這個步驟會將每個文檔的內容轉換為向量並存入資料庫。當你要檢索文檔時，模型會先檢索出最相關的段落，再根據這些片段生成答案。

(3) Ollama：本地大語言模型進行摘要生成

我們使用 Ollama 有的模型來生成摘要。這個過程中，我們可以針對不同語言生成不同的摘要（如英文和中文）。

請先去下載 Ollama，並挑選適合的模型下載到本地端。

import ollama

def rag_process(query):
    """檢索相關文檔並使用LLM生成回應"""
    # 生成提示詞的嵌入
    response = ollama.embeddings(prompt=query, model=embedding_model)

    # 檢索相關文檔，並生成LLM回應
    output = ollama.generate(
        model=language_model,
        prompt=f"Using this data: {data}. Respond to this prompt: {query}"
    )
    return output['response']

rag_process 函數的目的是通過 Ollama 生成嵌入向量，檢索與文檔相關的內容，並進行回應。比如，我們可以要求模型「Summarize the document.」來生成英文摘要，或「用繁體中文概括這篇文檔。」來生成中文摘要。

(4) Markdown 格式輸出

最後，我們將所有生成的摘要和問題組織成 Markdown 格式，以方便後續的分享和使用。

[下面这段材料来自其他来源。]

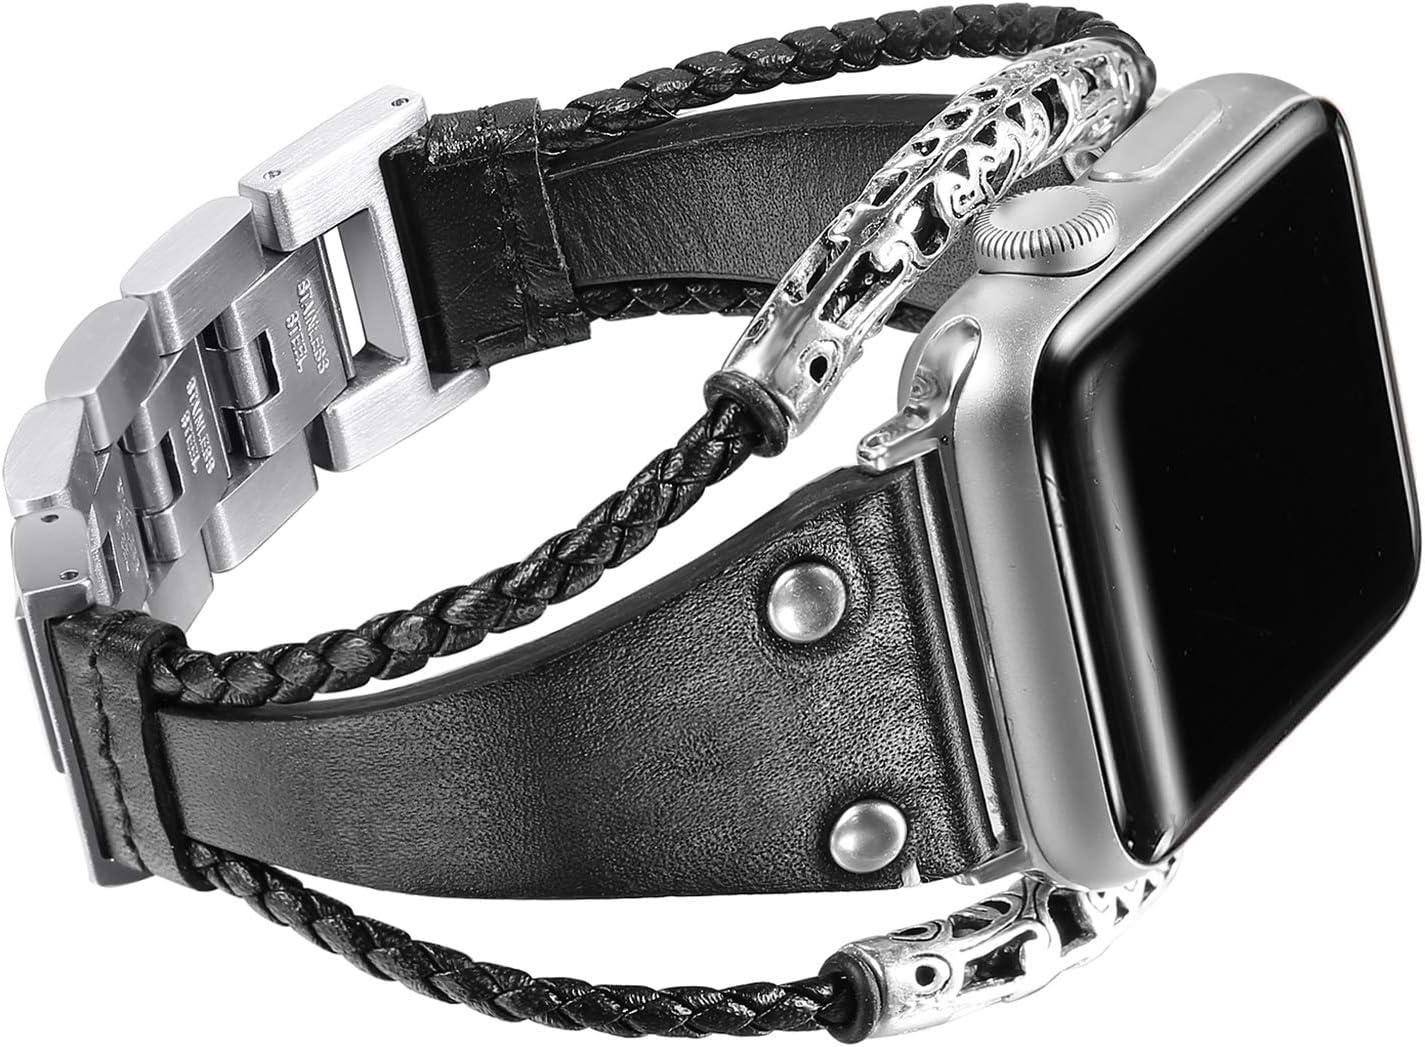 Secbolt Leather Bands Compatible Apple Watch Band Series 4/5/6 44mm, Series 3/2/1 42mm, Double Twist Handmade Vintage Natural Leather Bracelet Replacement Bracelet Straps Women

def process_single_document(file_path):
    """處理單一PDF文件並生成Markdown"""
    # 將PDF文件添加到向量資料庫中
    add_document_to_collection(file_path)

    # 生成摘要和問題回答
    llm_response = generate_summary_and_questions()

    # 組織Markdown內容
    markdown_output = f"# {os.path.basename(file_path)}\n\n"
    markdown_output += "## Summary (English)\n\n"
    markdown_output += llm_response['summary_en'] + "\n\n"
    markdown_output += "## 摘要 (中文)\n\n"
    markdown_output += llm_response['summary_zh'] + "\n\n"
    markdown_output += "## Questions (English)\n\n"
    markdown_output += "\n".join(llm_response['questions_en']) + "\n\n"
    markdown_output += "## Answers (English)\n\n"
    markdown_output += "\n".join(llm_response['answers_en']) + "\n\n"
    markdown_output += "## 提問 (中文)\n\n"
    markdown_output += "\n".join(llm_response['questions_zh']) + "\n\n"
    markdown_output += "## 答案 (中文)\n\n"
    markdown_output += "\n".join(llm_response['answers_zh']) + "\n\n"

    # 將結果保存為Markdown文件
    file_name = f"{os.path.basename(file_path).replace('.pdf', '')}.md"
    with open(file_name, "w", encoding="utf-8") as f:
        f.write(markdown_output)

將生成的摘要和問題以Markdown格式保存，方便地在不同平台上查看或分享結果。